Part-of-Speech Tagging for Northern Kurdish

Manually tokenized and POS-tagged proverb in Northern Kurdish ‘As every tree stands over its roots, so does every human blossom with their mother tongue.’

This repository provides access to all trained and ready-to-use POS models and the training and test data discussed in our MWE-UD 2024 paper.

Repository structure

datasets

This folder contains the:

gold_data.tsv the gold-standard manually annotated and tokenized dataset which consists of 136 sentences(2,937 tokens).
kmr_mg-ud-complete-augmented.conllu the UD Kurmanji augmented dataset.

models

This folder contains 7 sub folders where you can find all our trained POS models.
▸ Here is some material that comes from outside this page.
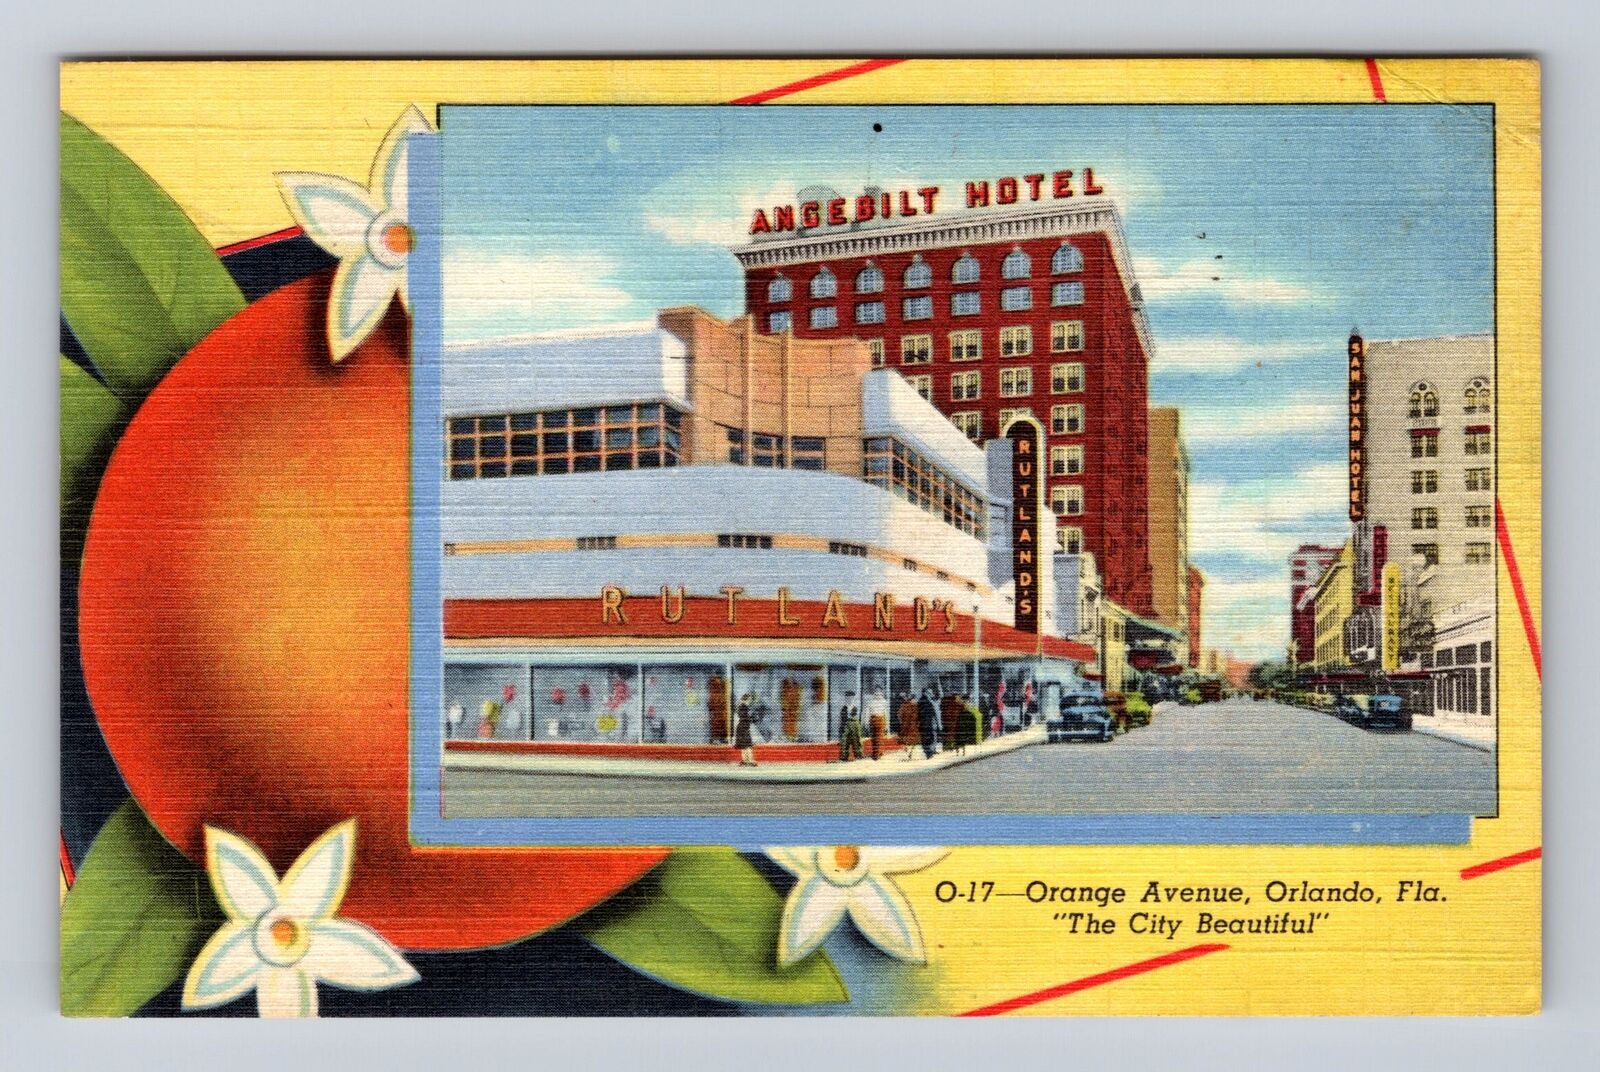 Orlando FL-Florida, Orange Avenue, Angebilt Hotel, Vintage c1952 Postcard

All sub folders contain two model variants original and augmented.

Baseline
HMM
ExtraTrees
AveragedPerceptron
BiLSTM
CRF
NK-XLMR

The folders BiLSTM and NK-XLMR are empty since their models are very big and therefore uploaded to Google Drive.

BiLSTM model variants link: Google Drive (5.02 GB). Download the zip file and extract its content to BiLSTM sub folder.

NK-XLMR model variants link: Google Drive (2.46 GB). Download the zip file and extract its content to NK-XLMR sub folder.

`pos_cli.py`

This file offers a CLI interface to interact with the models. The file can be called within the command line with the following arguments:

python pos_cli --pos_model CRF --training_data_type augmented --sentence "Leyla Qasim dixwest dengê kurdan li cîhanê bide bihîstin." --tokenization_method KLPT

`pos_flask.py`

An alternative interface to the cli one to interact all POS models. Rund this file and then navigate to http://127.0.0.1:5000/

The web interface to interact with all POS models.

Requirements

Operating system: macOS / OS X · Linux · Windows
Python version: Python 3.9.19

Clone the repo and run pip install -r requirements.txt to install all dependencies.

Cite this project

Please consider citing this paper, if you use any part of the data or the POS models:

@inproceedings{morad-etal-2024-part,
    title = "Part-of-Speech Tagging for {N}orthern {K}urdish",
    author = "Morad, Peshmerge  and
      Ahmadi, Sina  and
      Gatti, Lorenzo",
    editor = "Bhatia, Archna  and
      Bouma, Gosse  and
      Dogruoz, A. Seza  and
      Evang, Kilian  and
      Garcia, Marcos  and
      Giouli, Voula  and
      Han, Lifeng  and
      Nivre, Joakim  and
      Rademaker, Alexandre",
    booktitle = "Proceedings of the Joint Workshop on Multiword Expressions and Universal Dependencies (MWE-UD) @ LREC-COLING 2024",
    month = may,
    year = "2024",
    address = "Torino, Italia",
    publisher = "ELRA and ICCL",
    url = "https://aclanthology.org/2024.mwe-1.11",
    pages = "70--80",
    abstract = "In the growing domain of natural language processing, low-resourced languages like Northern Kurdish remain largely unexplored due to the lack of resources needed to be part of this growth. In particular, the tasks of part-of-speech tagging and tokenization for Northern Kurdish are still insufficiently addressed. In this study, we aim to bridge this gap by evaluating a range of statistical, neural, and fine-tuned-based models specifically tailored for Northern Kurdish. Leveraging limited but valuable datasets, including the Universal Dependency Kurmanji treebank and a novel manually annotated and tokenized gold-standard dataset consisting of 136 sentences (2,937 tokens). We evaluate several POS tagging models and report that the fine-tuned transformer-based model outperforms others, achieving an accuracy of 0.87 and a macro-averaged F1 score of 0.77. Data and models are publicly available under an open license at https://github.com/peshmerge/northern-kurdish-pos-tagging",
}

License

This work is licensed under a Creative Commons Attribution-ShareAlike 4.0 International License.